*** Opening DATA EXCERPT ***
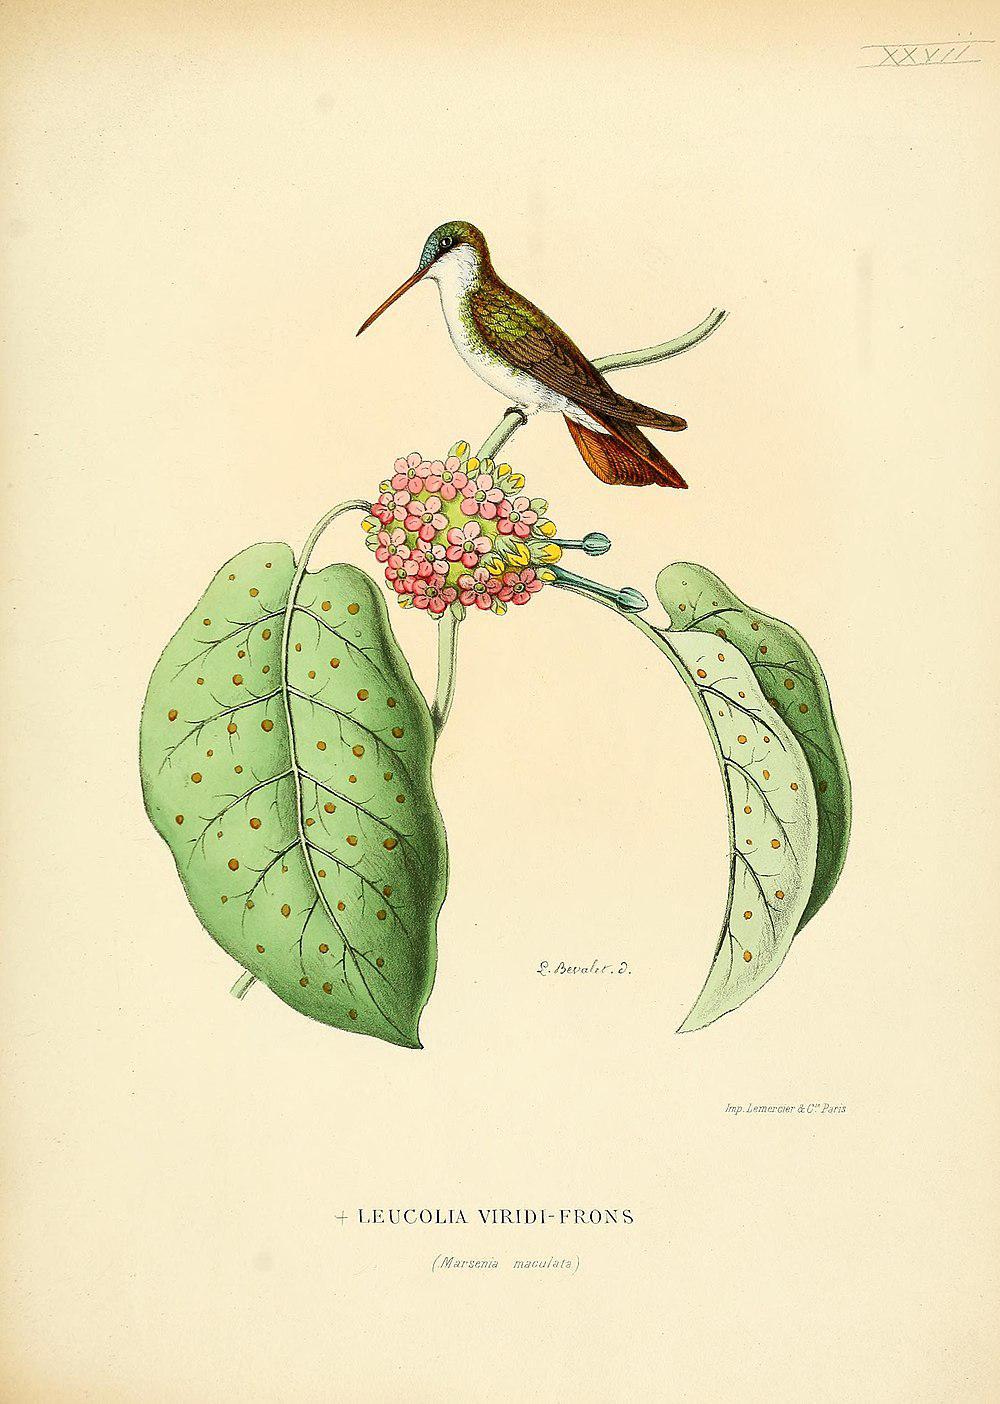 绿额蜂鸟 / Green-fronted Hummingbird / Leucolia viridifrons
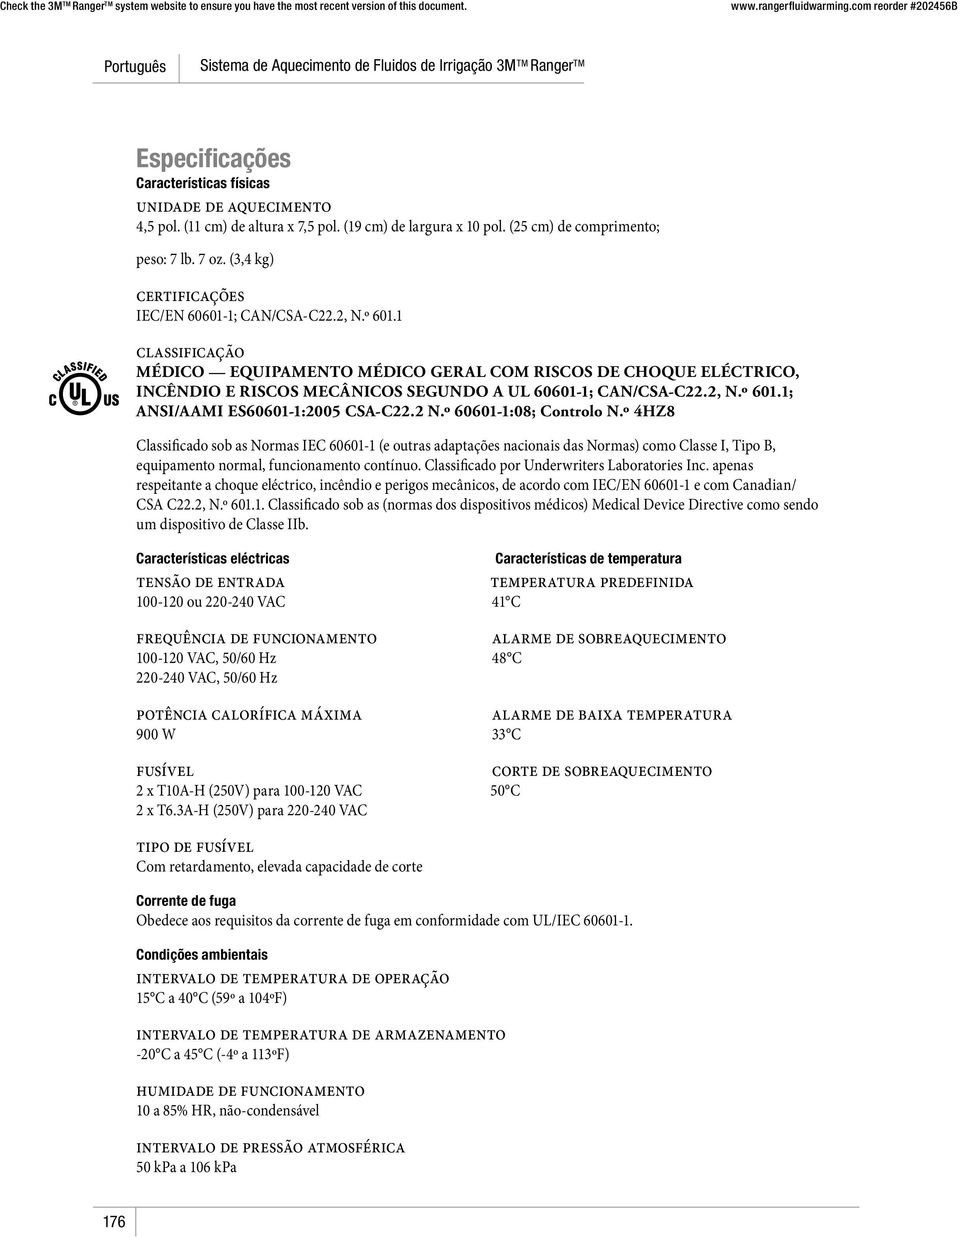 1 classificação MÉDICO EQUIPAMENTO MÉDICO GERAL COM RISCOS DE CHOQUE ELÉCTRICO, INCÊNDIO E RISCOS MECÂNICOS SEGUNDO A UL 60601-1; CAN/CSA-C22.2, N.º 601.1; ANSI/AAMI ES60601-1:2005 CSA-C22.2 N.
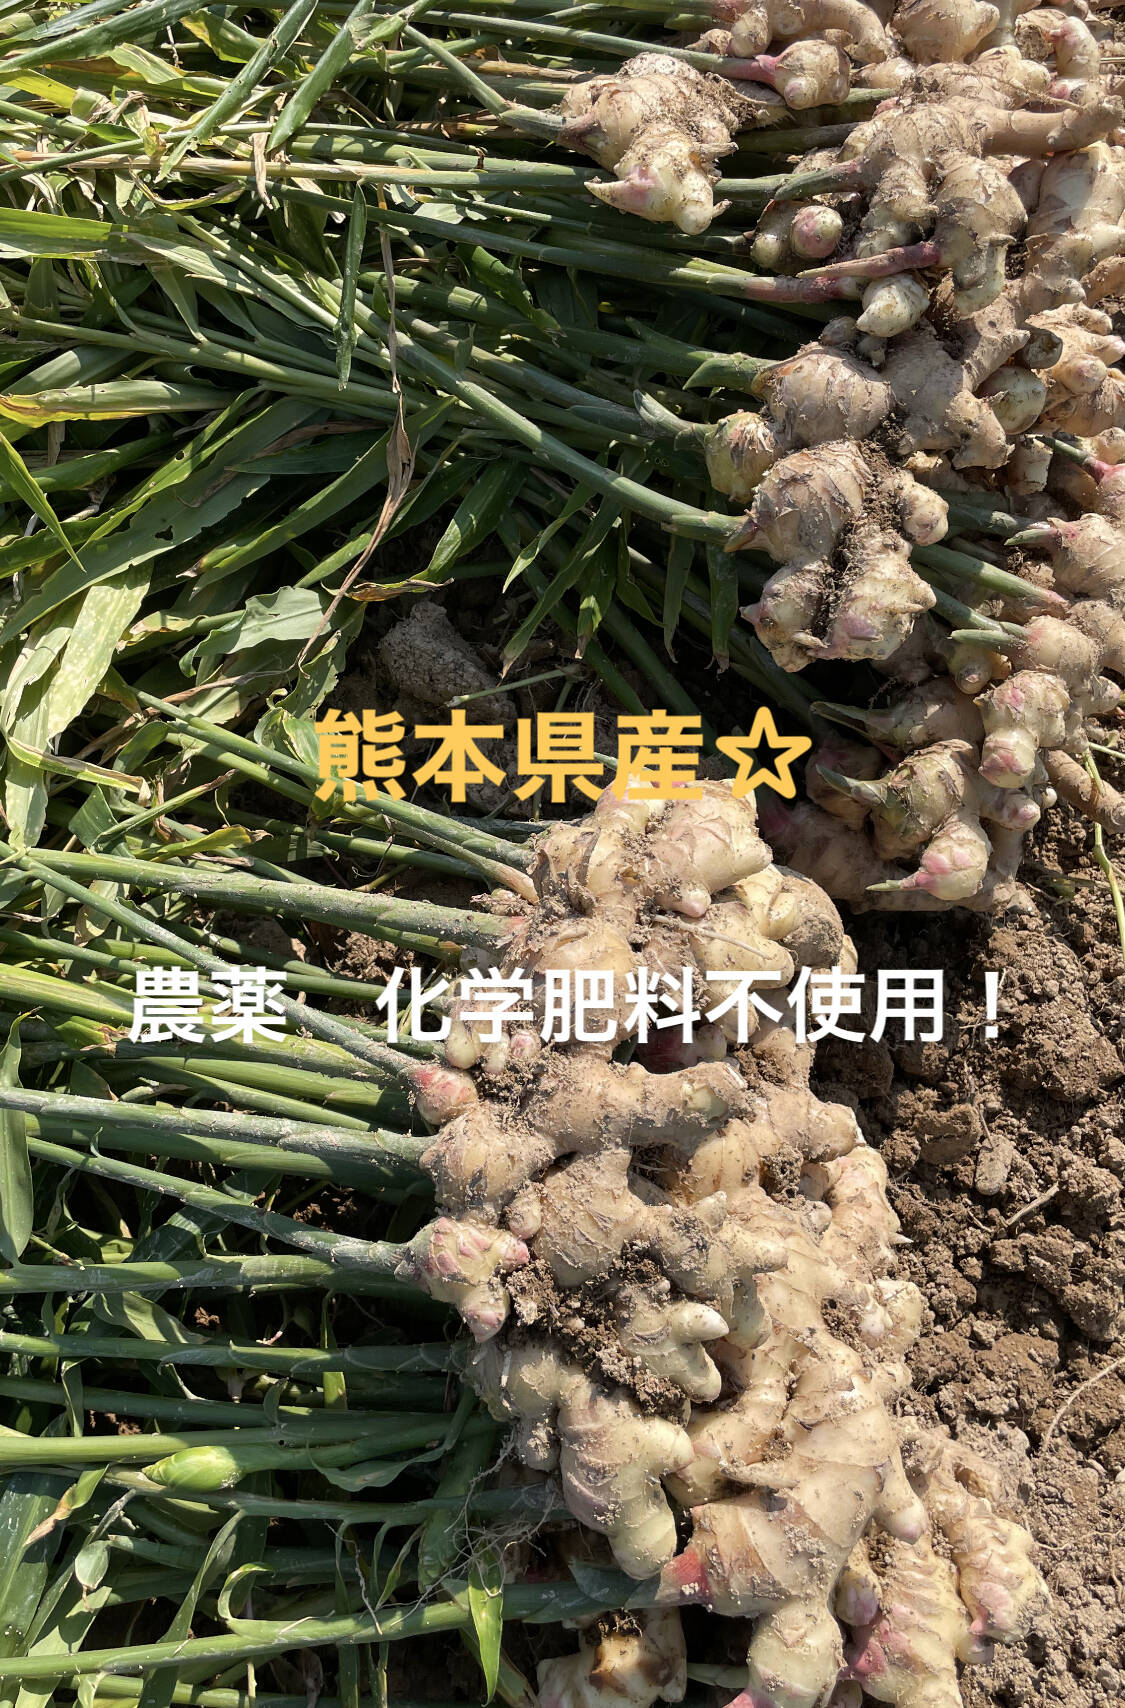 囲い生姜 無肥料 農薬栽培期間中不使用 露地栽培 熊本県産 4kg
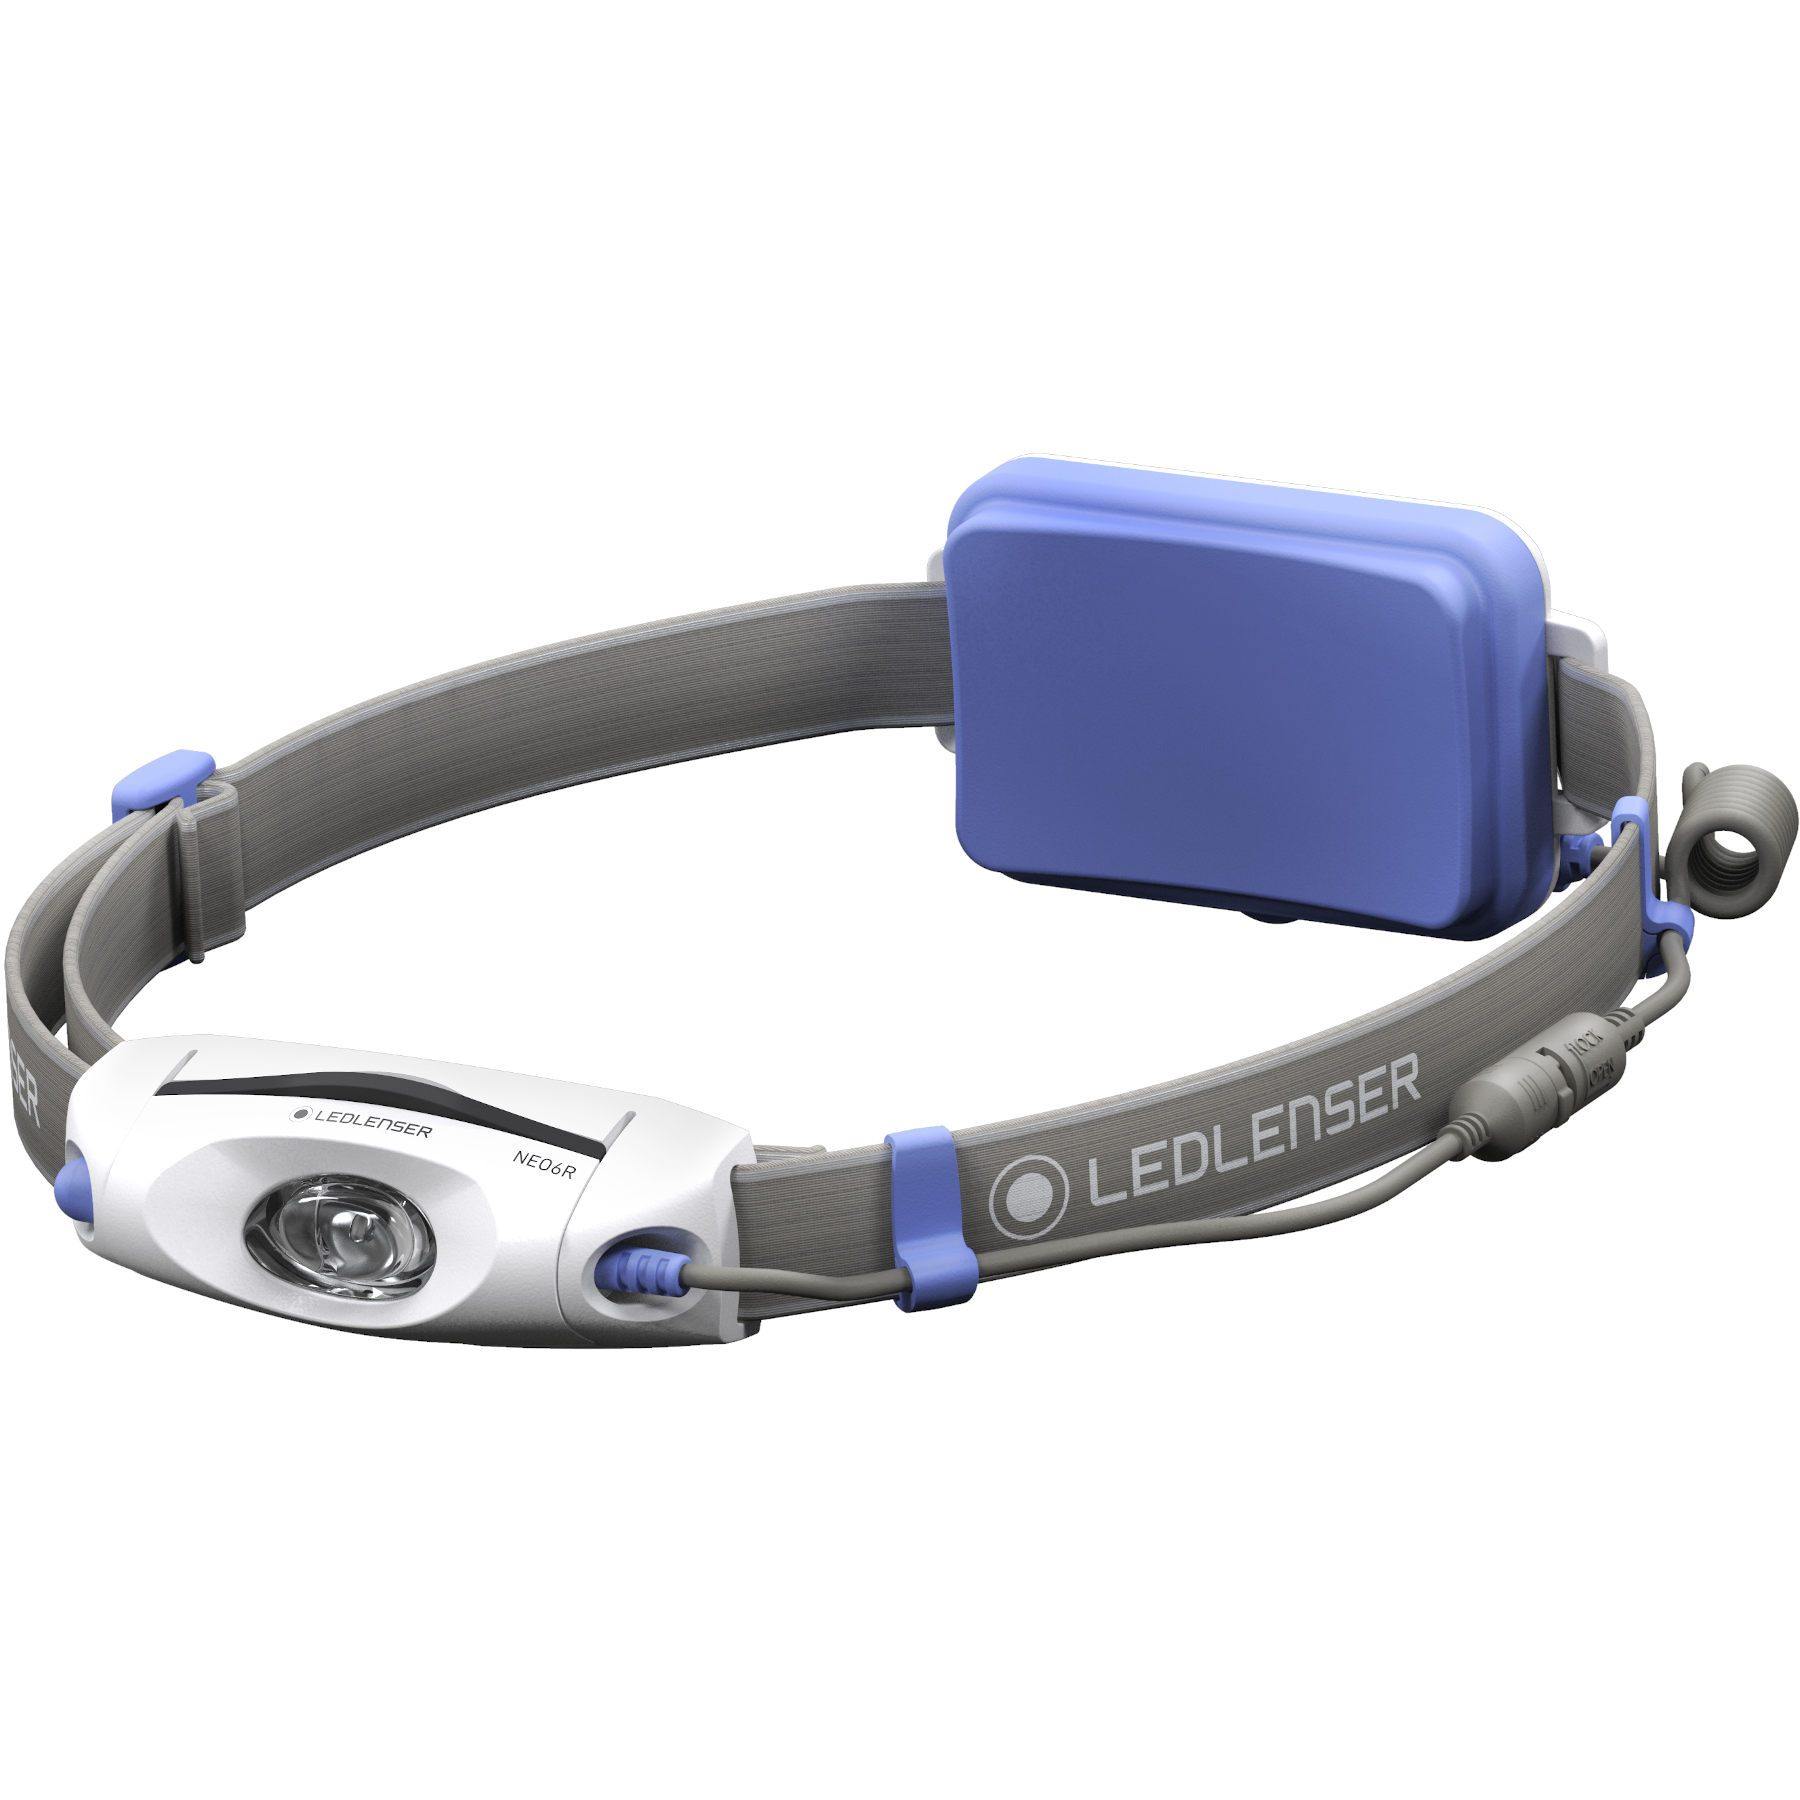 Ledlenser NEO6R Blue with Buff Coolnet UV Gift Pack FOR HIM - Gosportcom
*** Closing DATA EXCERPT ***
WHAT IS NEEDED
None of the pictures belong in the copy; repeat all other material exactly.

REPLY
 绿额蜂鸟 / Green-fronted Hummingbird / Leucolia viridifrons
 1 classificação MÉDICO EQUIPAMENTO MÉDICO GERAL COM RISCOS DE CHOQUE ELÉCTRICO, INCÊNDIO E RISCOS MECÂNICOS SEGUNDO A UL 60601-1; CAN/CSA-C22.2, N.º 601.1; ANSI/AAMI ES60601-1:2005 CSA-C22.2 N.
 囲い生姜 無肥料 農薬栽培期間中不使用 露地栽培 熊本県産 4kg
 Ledlenser NEO6R Blue with Buff Coolnet UV Gift Pack FOR HIM - Gosportcom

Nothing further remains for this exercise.